Published in Avweb today;"Diamond Aircraft says the electrified version of its DA40 single will have up to a 90-minute endurance and charge time of 20 minutes. The company announced on Wednesday it has chosen Safran’s ENGINeUS electric motor to power the eDA40. “With Safran we are having an expert partner for electric propulsion systems aboard,” said Liqun (Frank) Zhang, CEO, Diamond Aircraft Industries Austria. “The smart motor’s state-of-the-art technology including smart features paired with a well-advanced certification process is the logical choice for our eDA40. We are looking forward to the first flights scheduled for end 2022.”

Diamond announced the program last October. The aircraft is aimed at the training market and Diamond is predicting a 40 percent decrease in operating costs for flight schools. The 90-minute endurance likely won’t be achieved immediately but will be possible as battery technology evolves. Diamond is predicting certification for the motor by mid-2023 and basic EASA certification of the aircraft in late 2023 or early 2024."

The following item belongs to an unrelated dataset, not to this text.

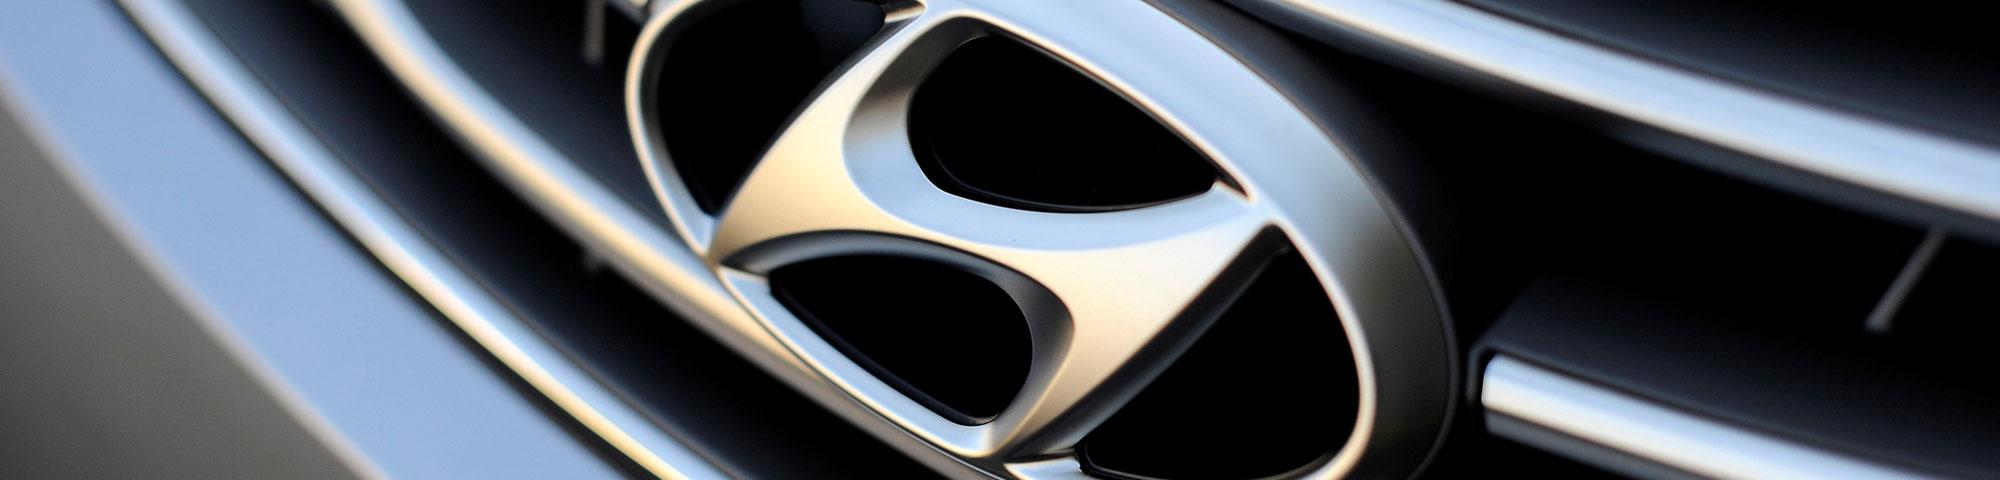 CLMS - Manufacturer - Hyundai

So perhaps we won't be waiting as long some doubters believe

There are totally new aspects to think about, battery health one of the most prominent. Like charging software, charging power used and peak power use, battery temperature, environmental temperatures in cruise flight, battery aging. It will take a while until this is good enough for Joe public.

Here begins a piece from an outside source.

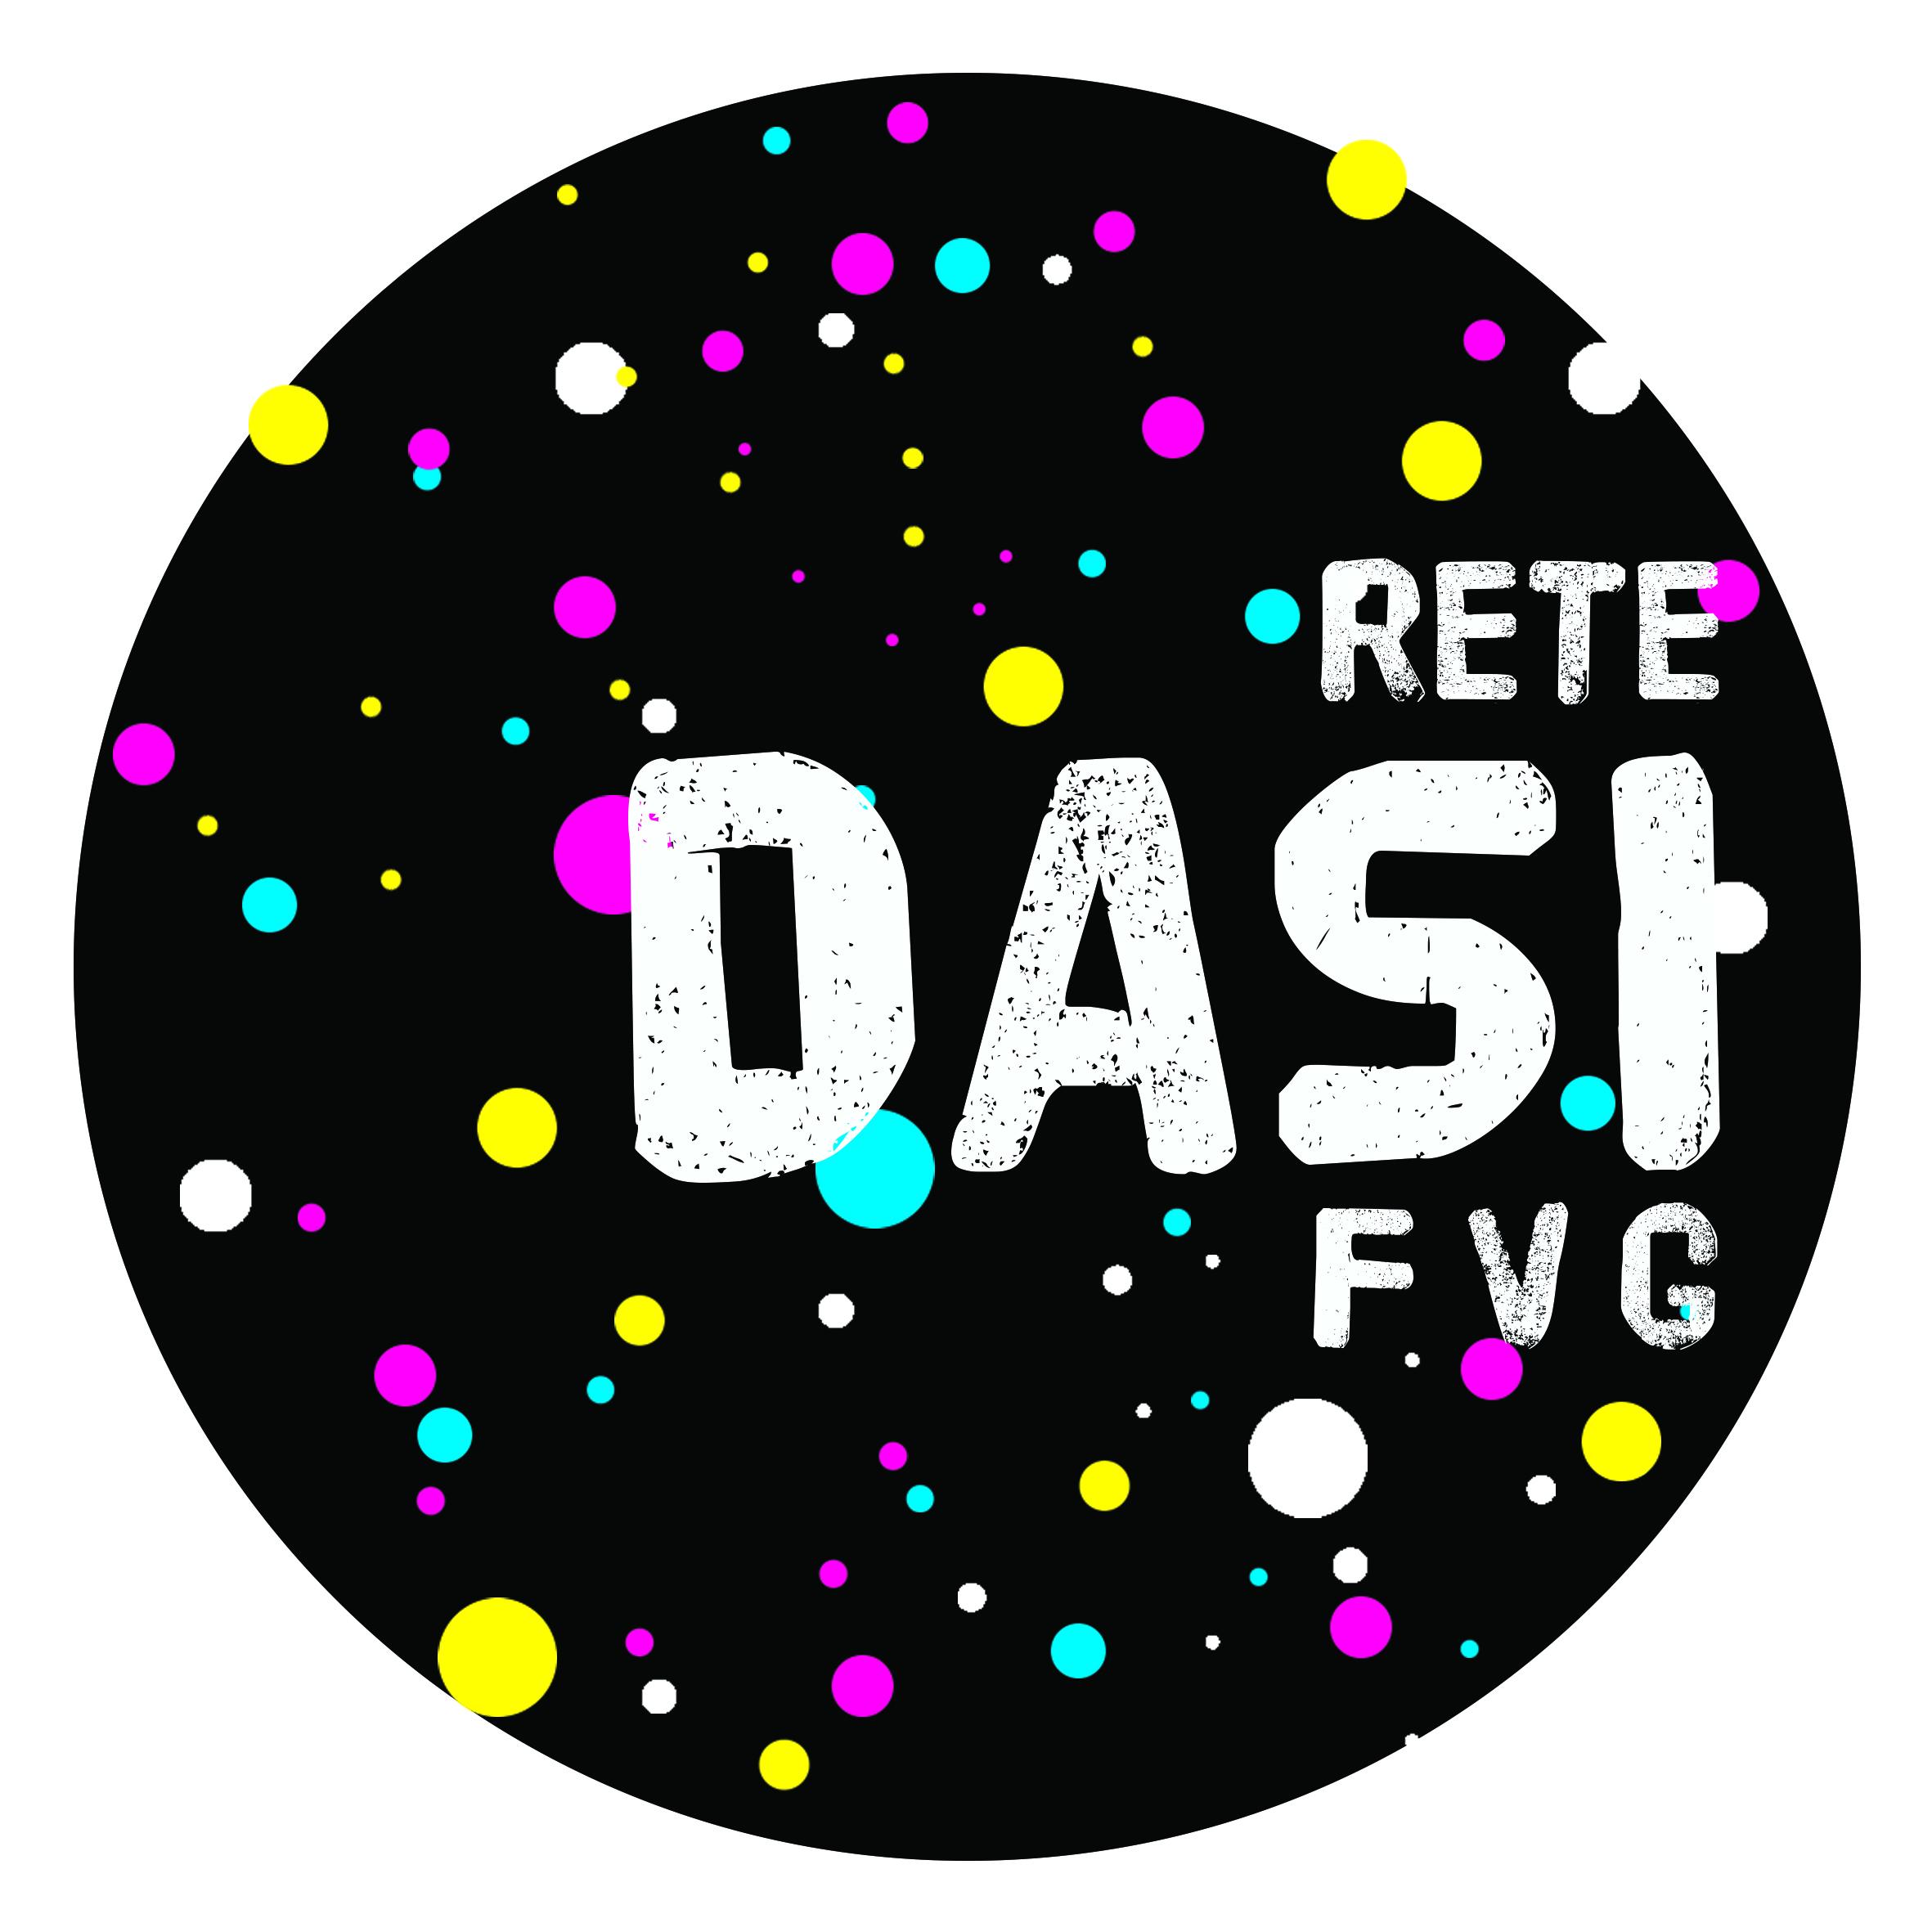 Rete DASI FVG

Precisely. On the long term, fossil fuels are dead, and batteries are today the only realistic alternative. Still, they are far from being "market-ripe".

To me it seems rather that we will wait longer than some hopers believe. Especially in the very conservative environment of aviation in general, and private aviation in particular.

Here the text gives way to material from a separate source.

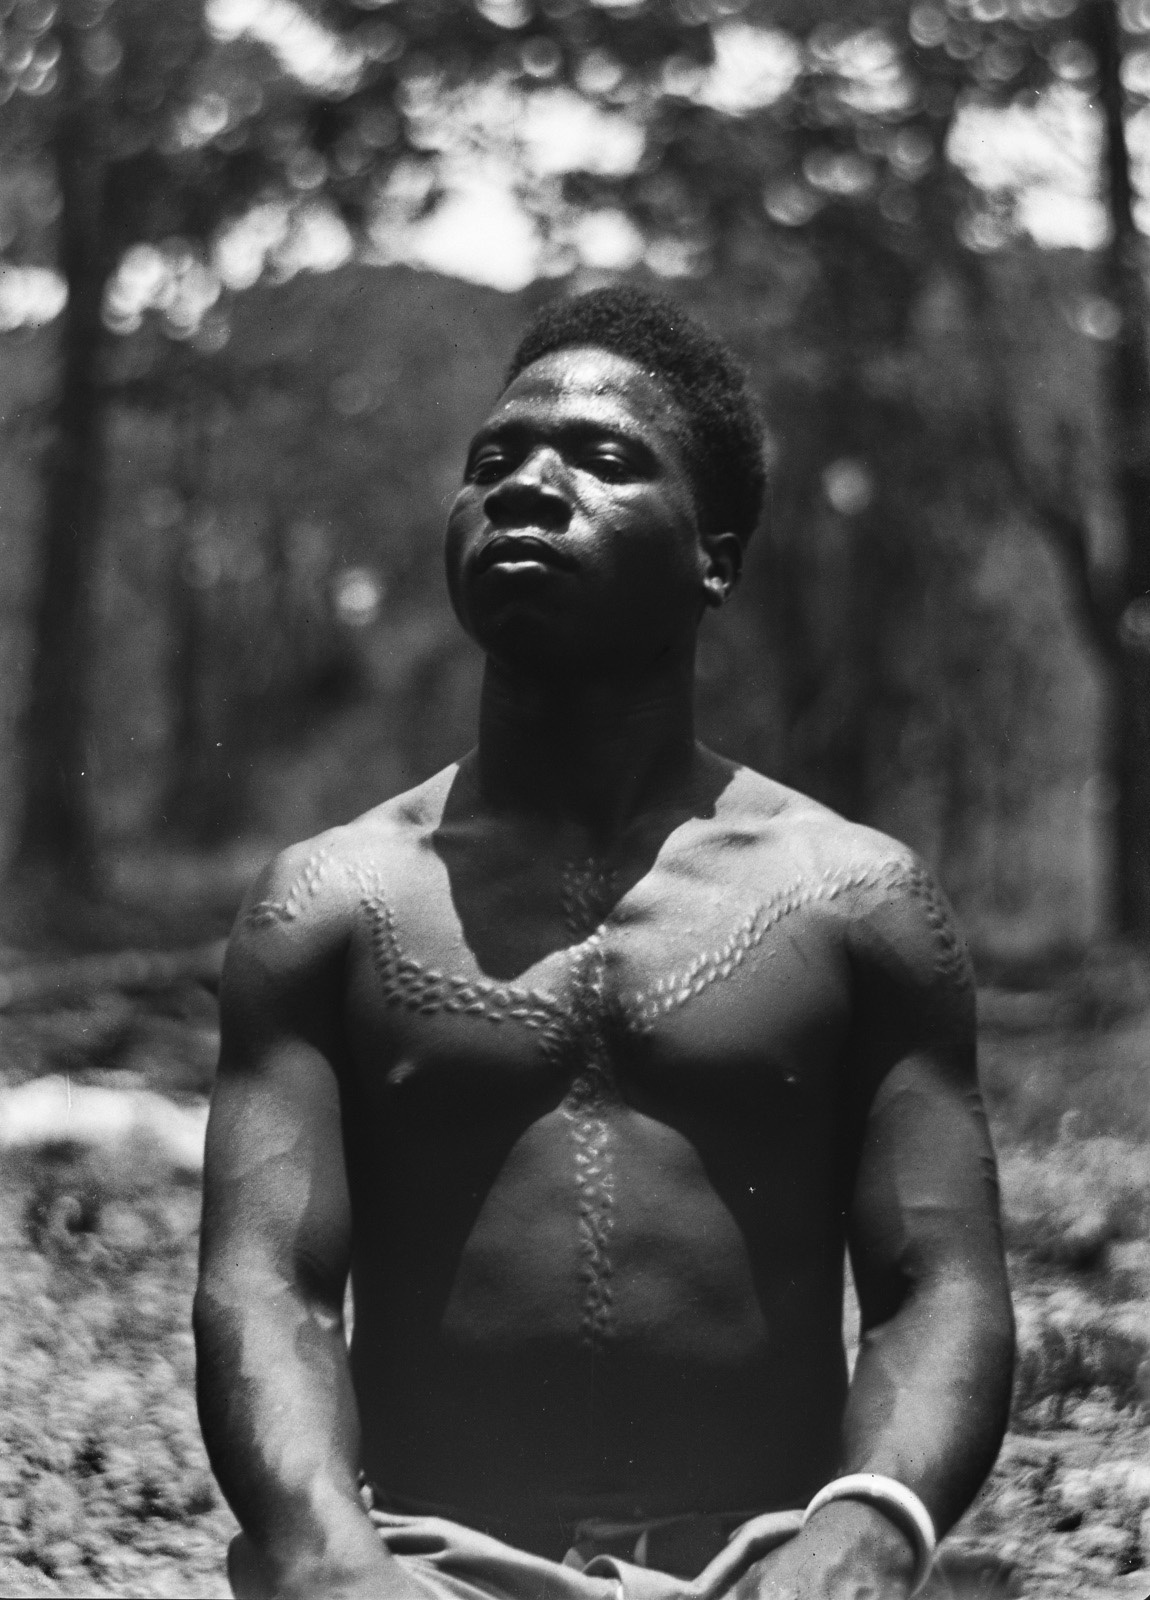 Касемпа. Мужчина народности каонда

This company thinks differently:

Massachusetts-based commuter airline Cape Air has signed a letter of intent (LOI) with Eviation for the purchase of 75 all-electric Alice aircraft. The terms of the agreement have not been made public. As previously reported by AVweb, Eviation announced in June 2019 that Cape Air would be its first commercial customer for the aircraft, which is still in development.

“Truly sustainable aviation not only reduces the impact of air travel on the environment but also makes business sense,” said Jessica Pruss, Eviation vice president of sales. “We are proud to support Cape Air, a recognized leader in regional air travel, to chart a new path in delivering innovative solutions that benefit airline operators, passengers, communities and society.”

Cape Air currently flies more than 400 flights a day to locations in the Northeast, Midwest, Montana and the Caribbean. According to Eviation, the Alice will have a top cruise speed of 250 knots, maximum payload of 2,500 pounds and single-charge range of 440 NM. The aircraft will seat nine passengers and two crew members and is powered by the magniX magni650 electric propulsion unit. Eviation noted last February amidst a leadership change that it was expecting to fly the Alice for the first time “in the upcoming weeks.”

Excuse me for being unimpressed. A letter of Intent is not an order, not by a long way. How could it? This Alice thing has not yet flown (except as a scale model), to not even mention certification. Baked air has a fine scent, admittedly, still you shouldn't be led by the nose.

https://insideevs.com/news/583324/pa...ter-two-fires/
No idea what has caused this but perhaps these quick change aircraft batteries should also be ejectable. 😁

Today's Telegraph has a piece on the Sherwood E Kub having flown for a thirty-minute flight over Norfolk.. .. smart looking aircraft, except for the upside-down depiction of the Union Jack.:</

Excellent. I believe that the pilot contributes here from time to time, I hope he'll tell us a little about this project when the time is correct for that...

Fossil fuels are not dead. The post globalisation world will see to that. By the time legacy fossil fuels are getting difficult to extract there will be a range of synthetic liquid fuels on the market. Crude oil can be made from algae, or from thin air. Liquid hydrocarbon fuels and internal combustion engines will be around for a very long time.